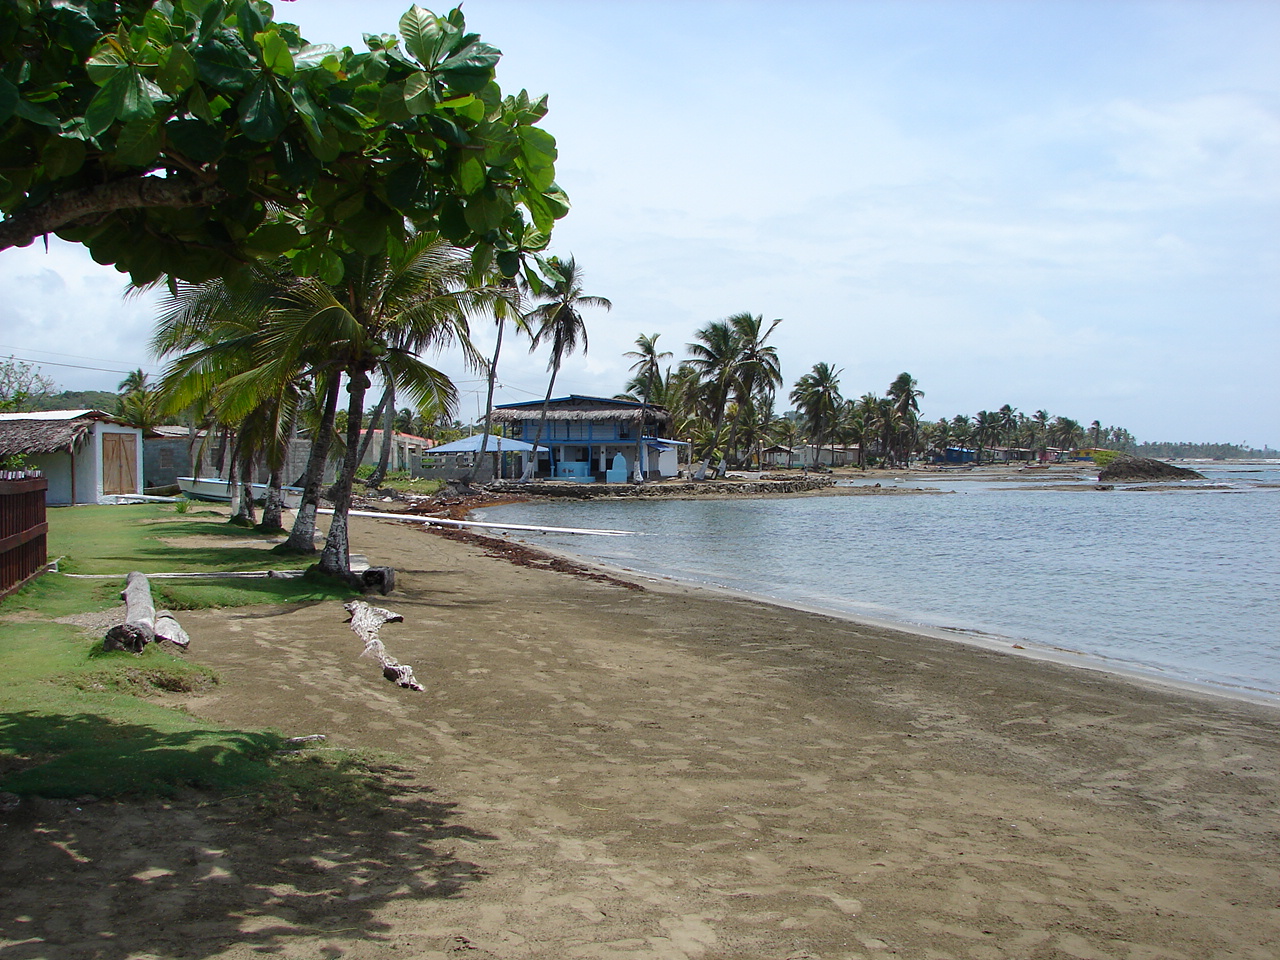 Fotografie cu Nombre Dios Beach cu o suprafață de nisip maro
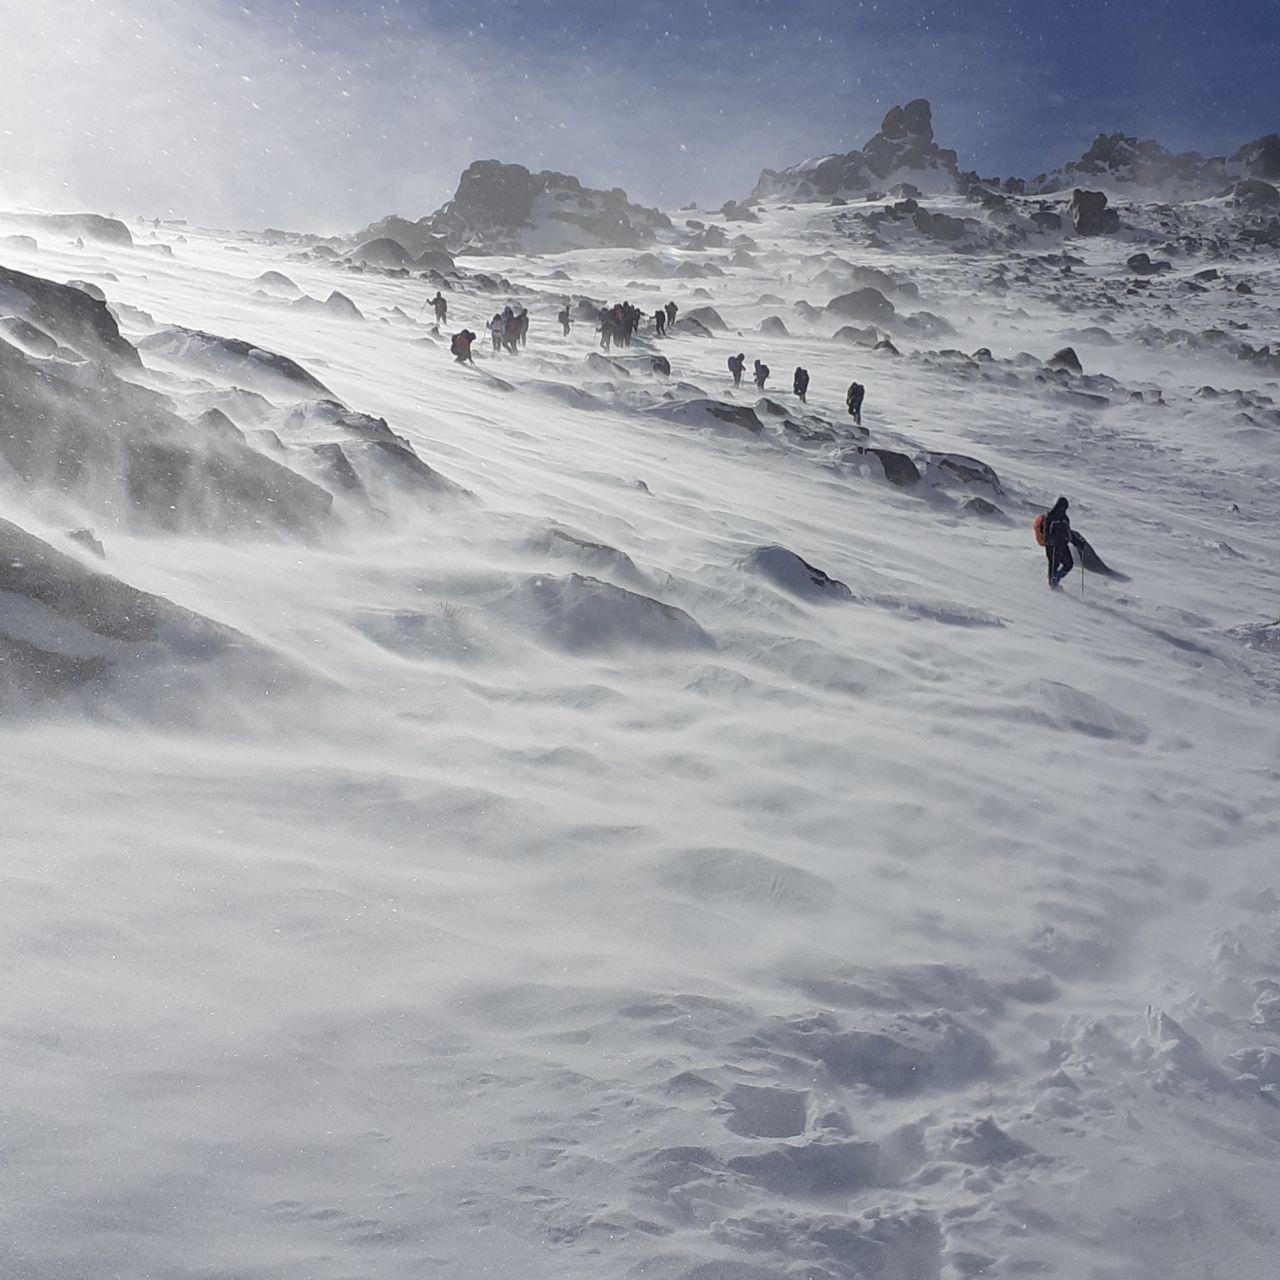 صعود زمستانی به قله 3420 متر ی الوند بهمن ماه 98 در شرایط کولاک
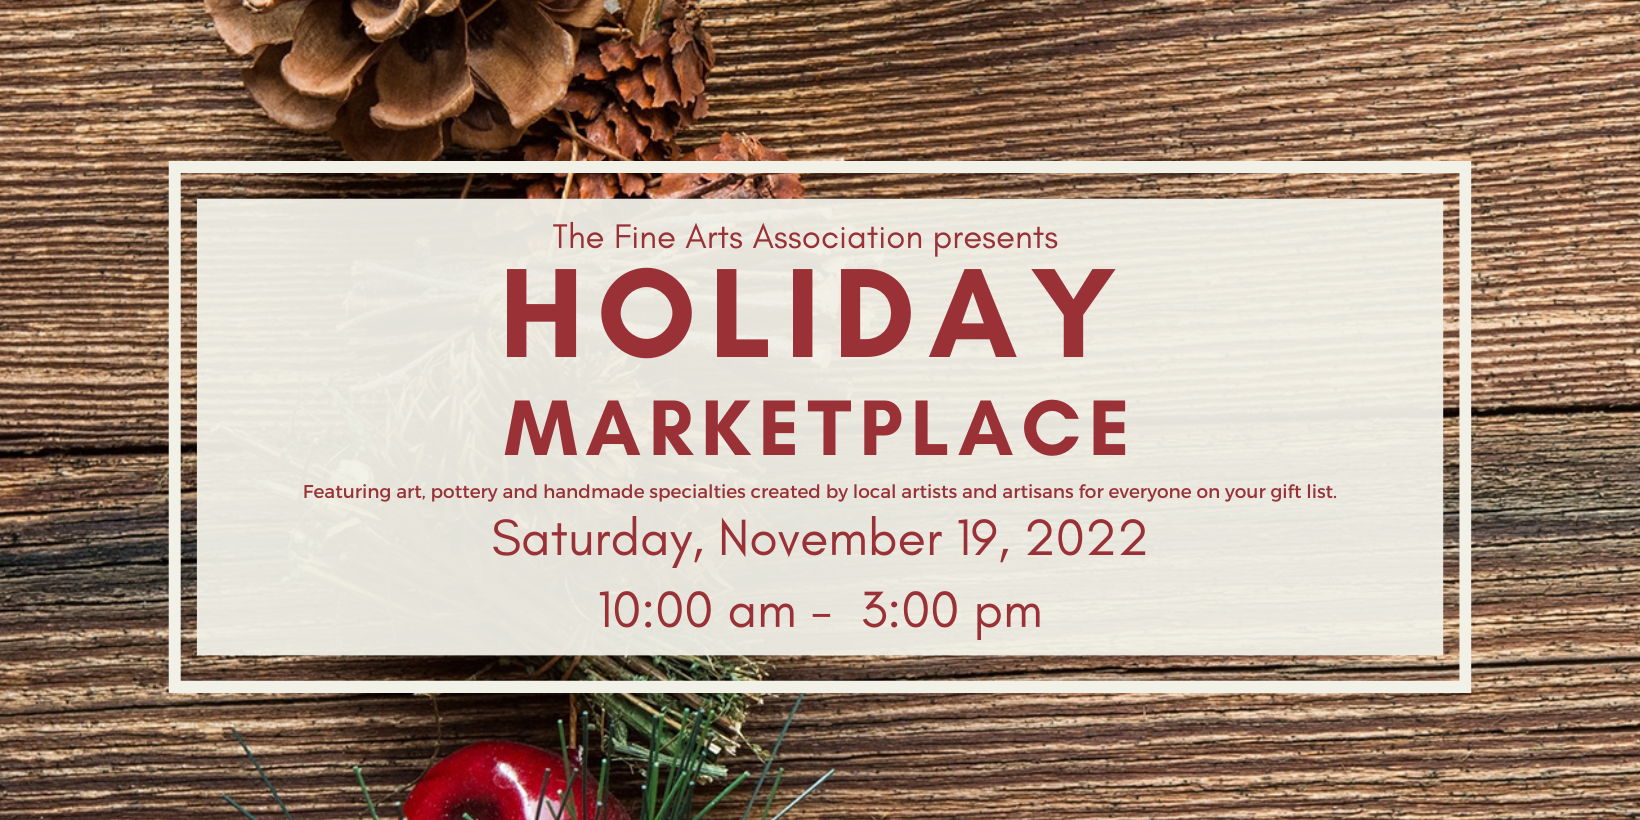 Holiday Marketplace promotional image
---
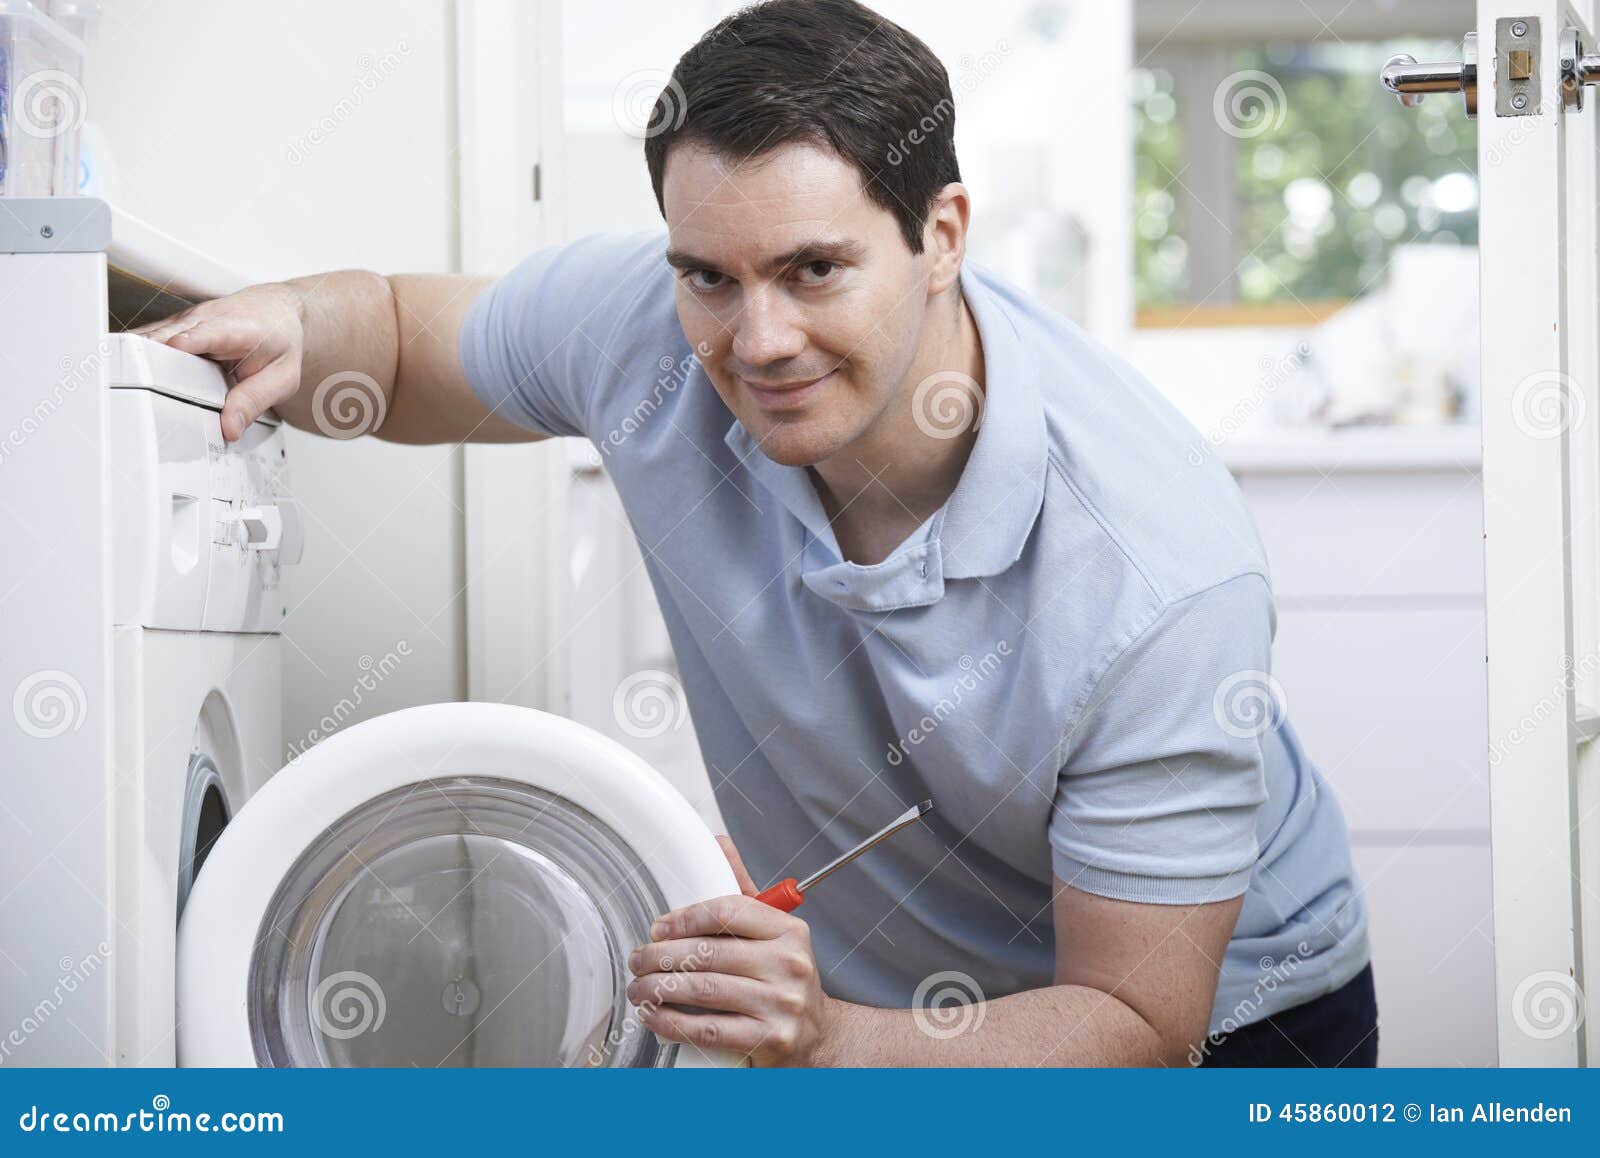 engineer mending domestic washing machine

• [Problem statement]
Return word for word the lines of the listing above, starting at the line with "Fotografie cu Nombre" and ending at the line with "Holiday Marketplace promotional image", both included. Pictures do not belong in the copy.

• [Output]
 Fotografie cu Nombre Dios Beach cu o suprafață de nisip maro
 صعود زمستانی به قله 3420 متر ی الوند بهمن ماه 98 در شرایط کولاک
 Holiday Marketplace promotional image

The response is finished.